Output exactly, in the material below, the lines from the one with "BOSS Erkek Marka" through the one with "Free Shipping October 9-11". Omit all pictures.

**ENTRIES SUPPLIED:**
════
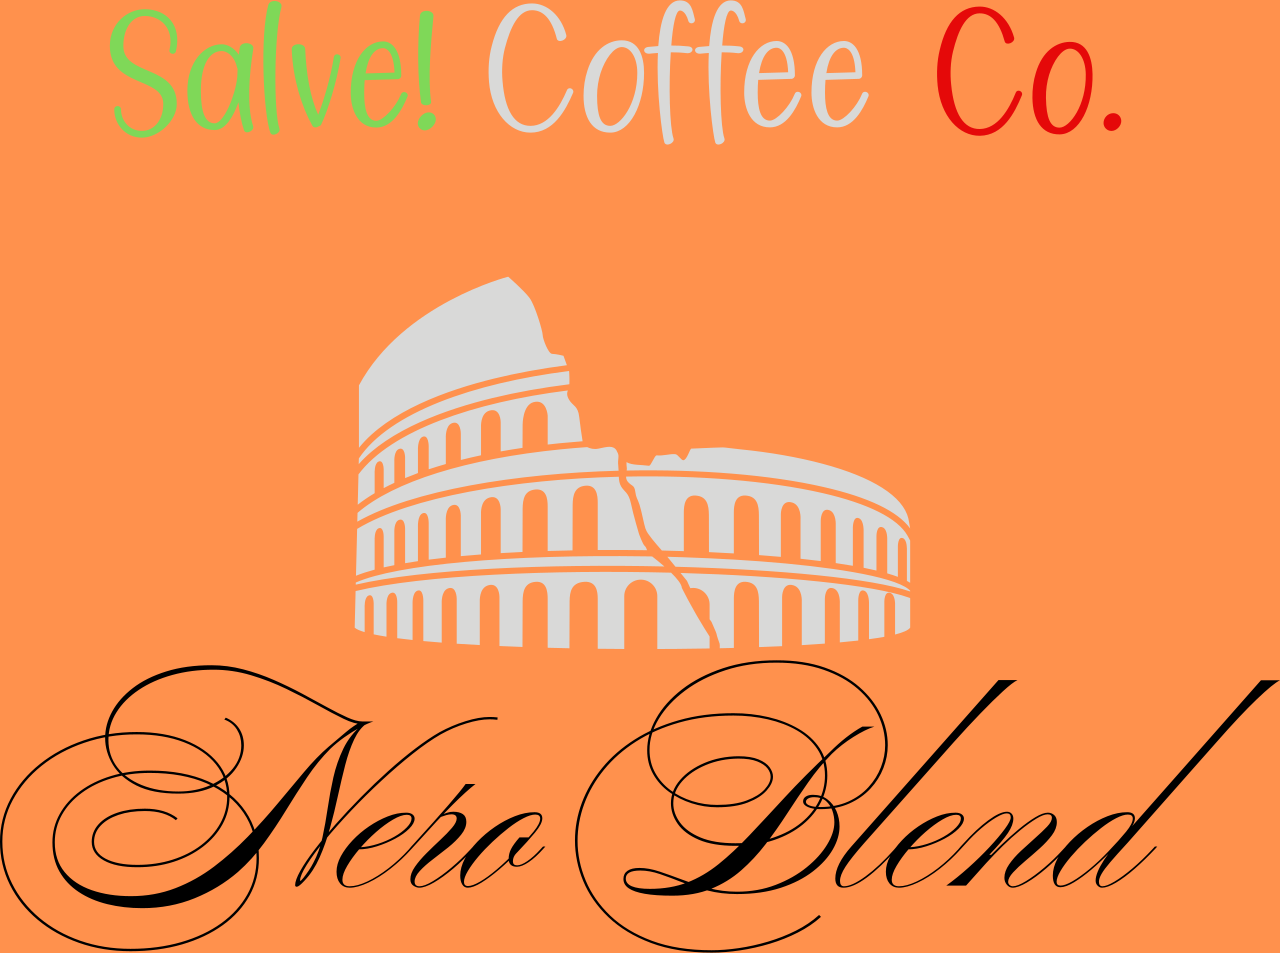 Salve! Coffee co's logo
════
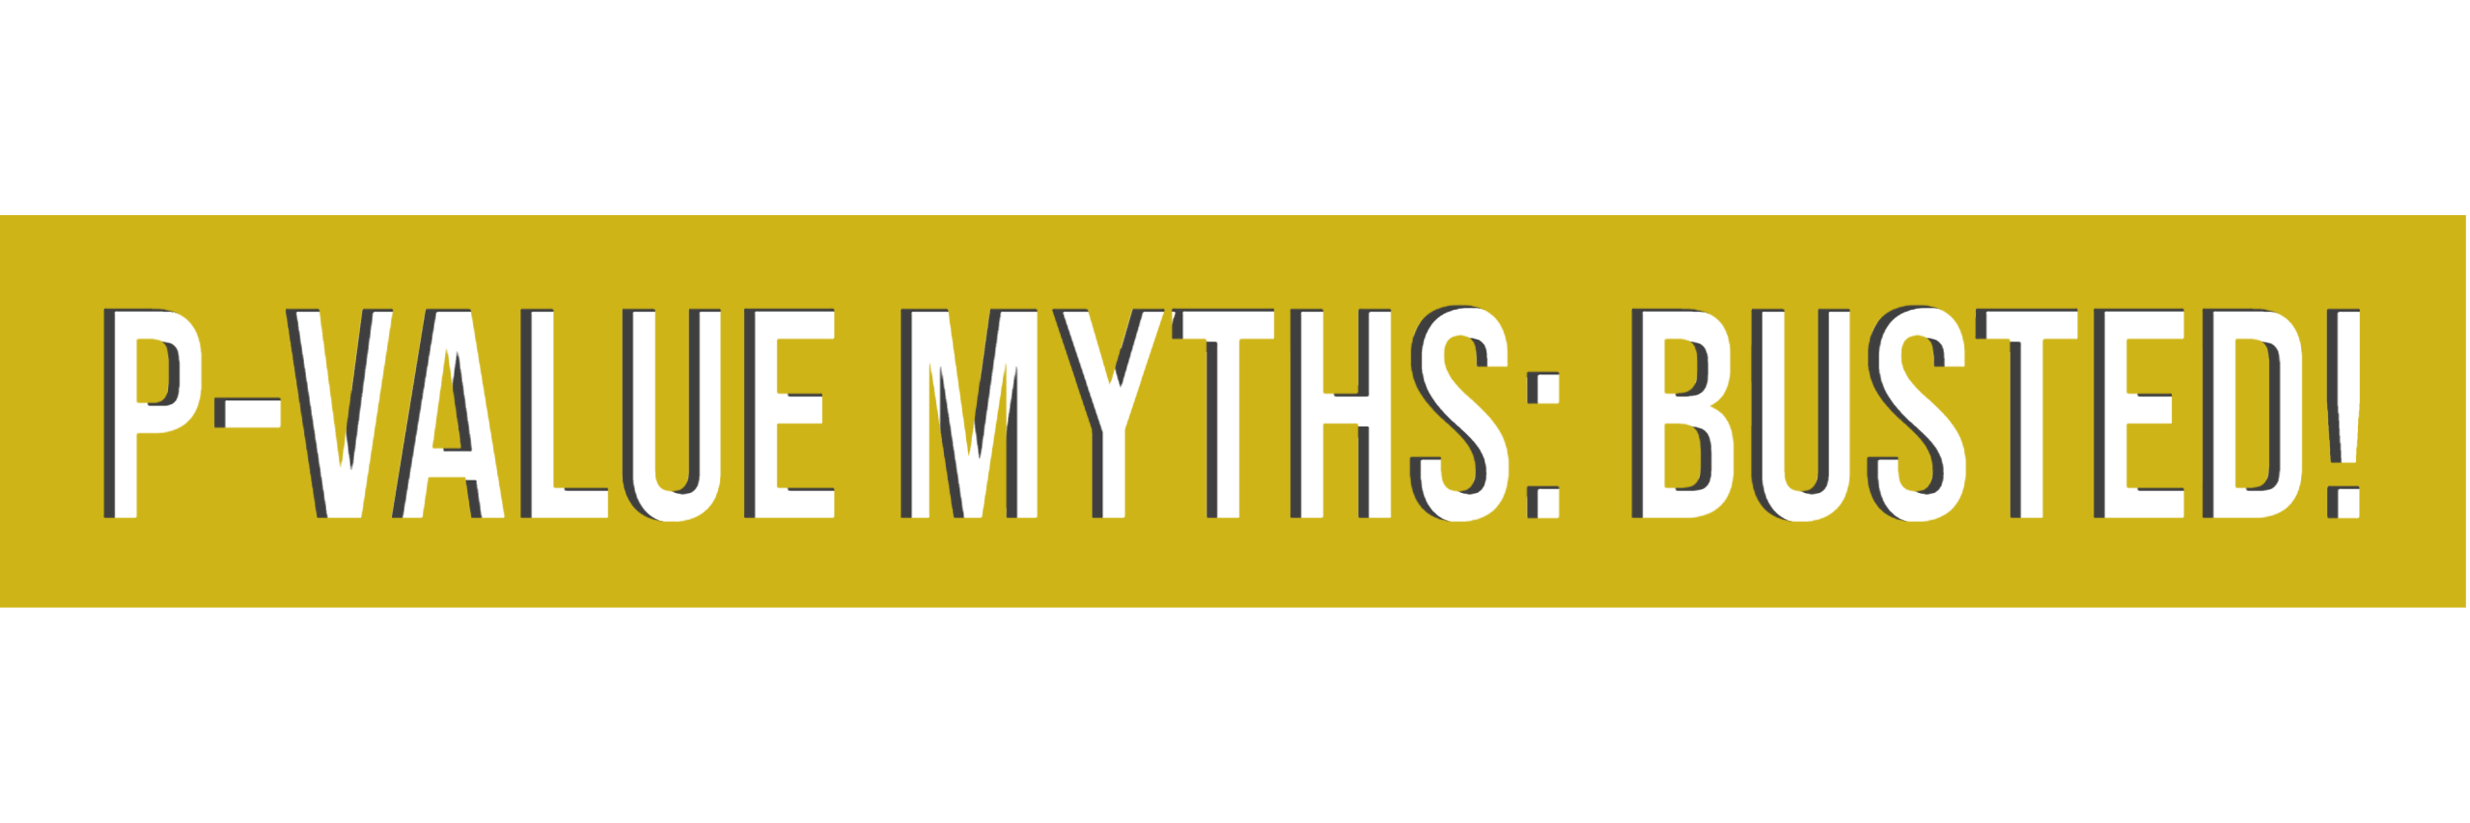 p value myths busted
════
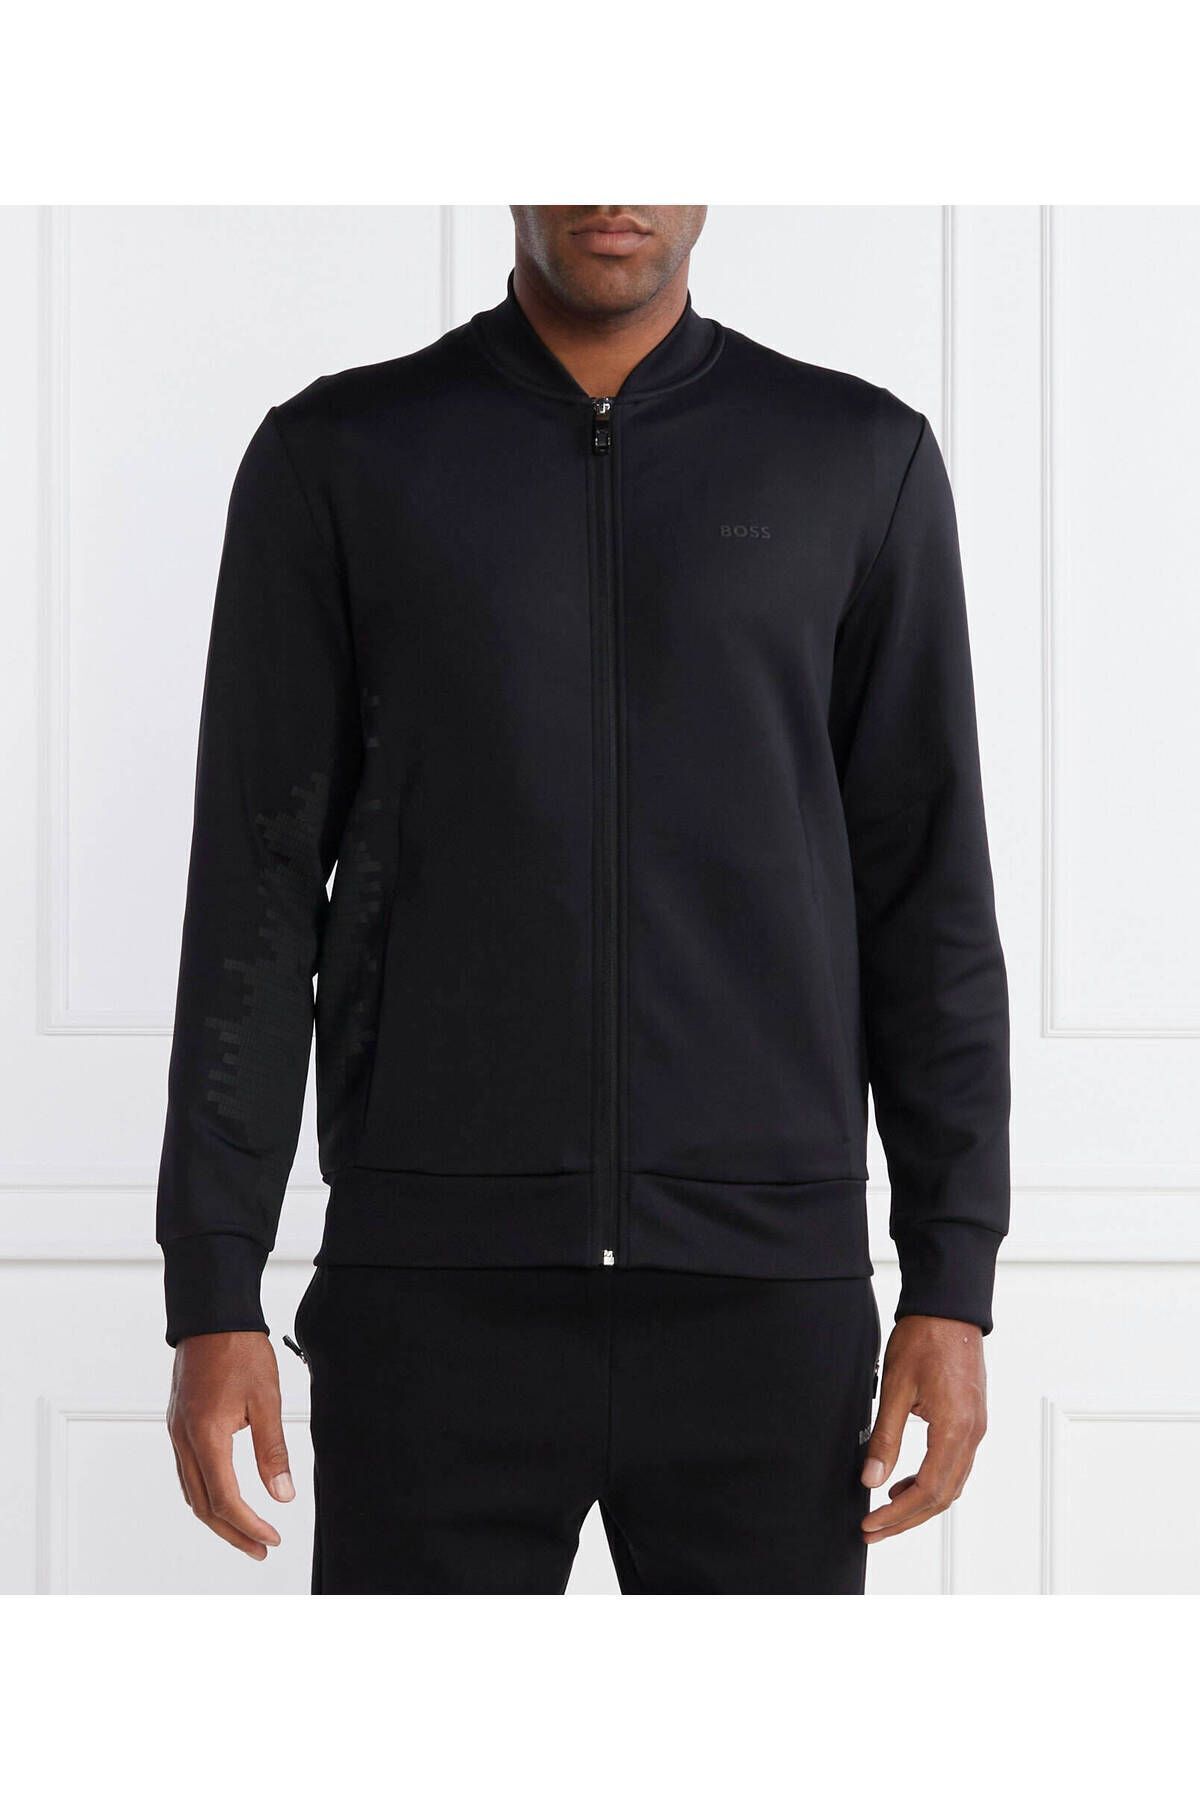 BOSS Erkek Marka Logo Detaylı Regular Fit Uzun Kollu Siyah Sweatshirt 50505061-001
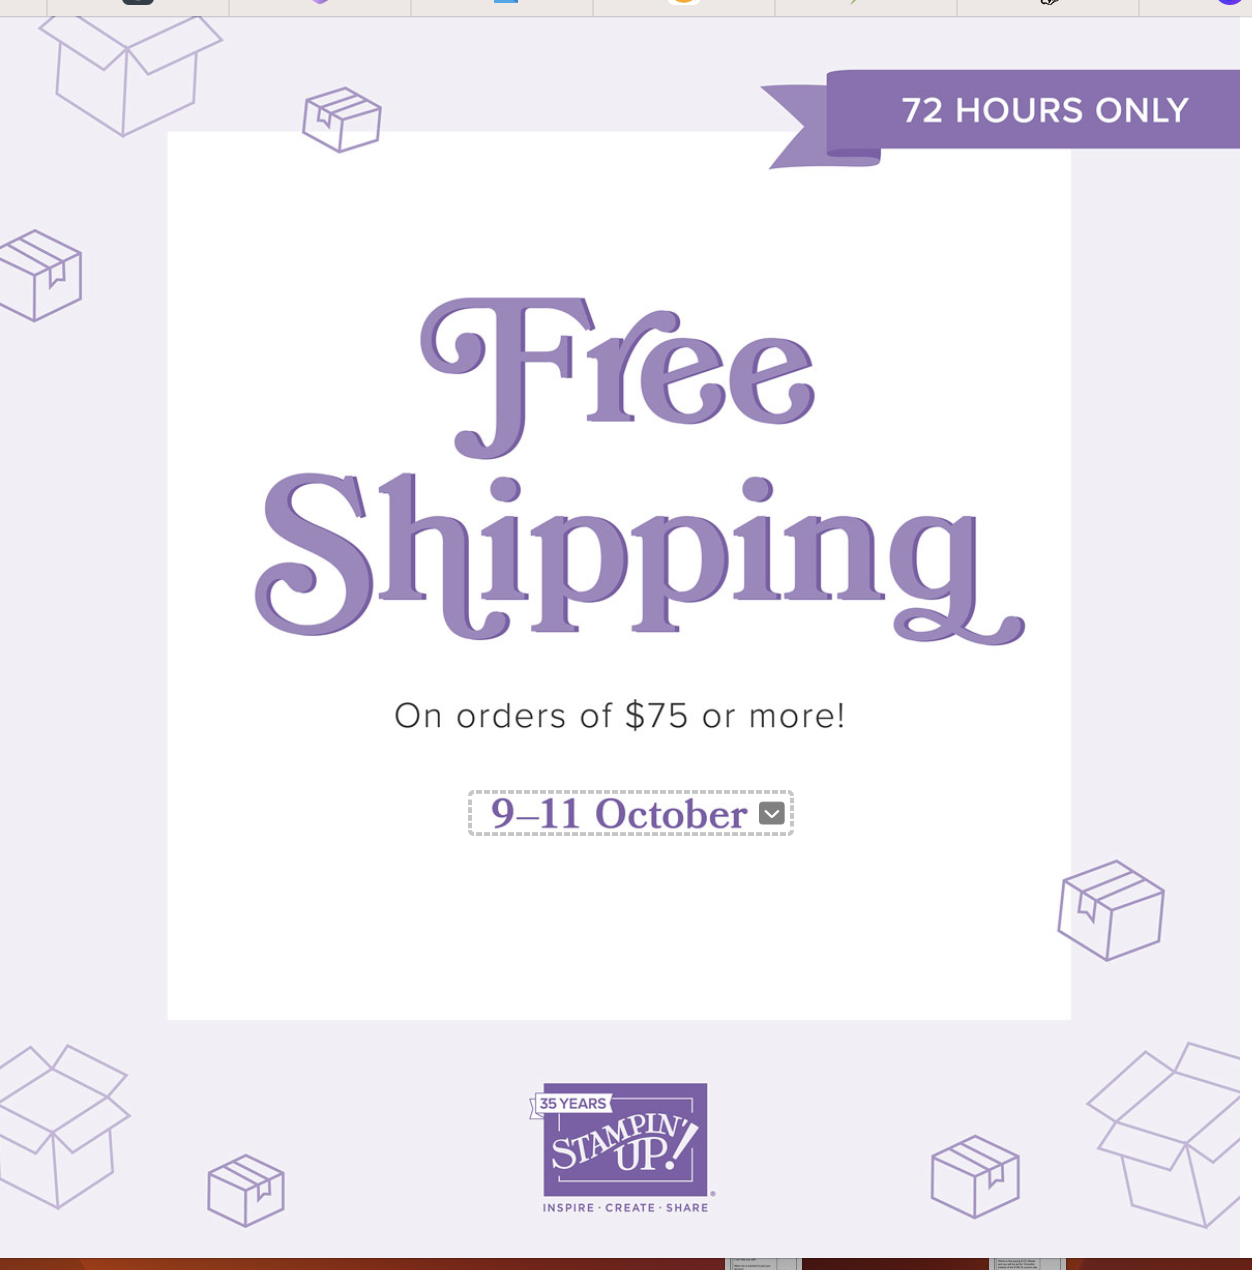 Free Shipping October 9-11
════
**TASK SOLUTION:**
 BOSS Erkek Marka Logo Detaylı Regular Fit Uzun Kollu Siyah Sweatshirt 50505061-001
 Free Shipping October 9-11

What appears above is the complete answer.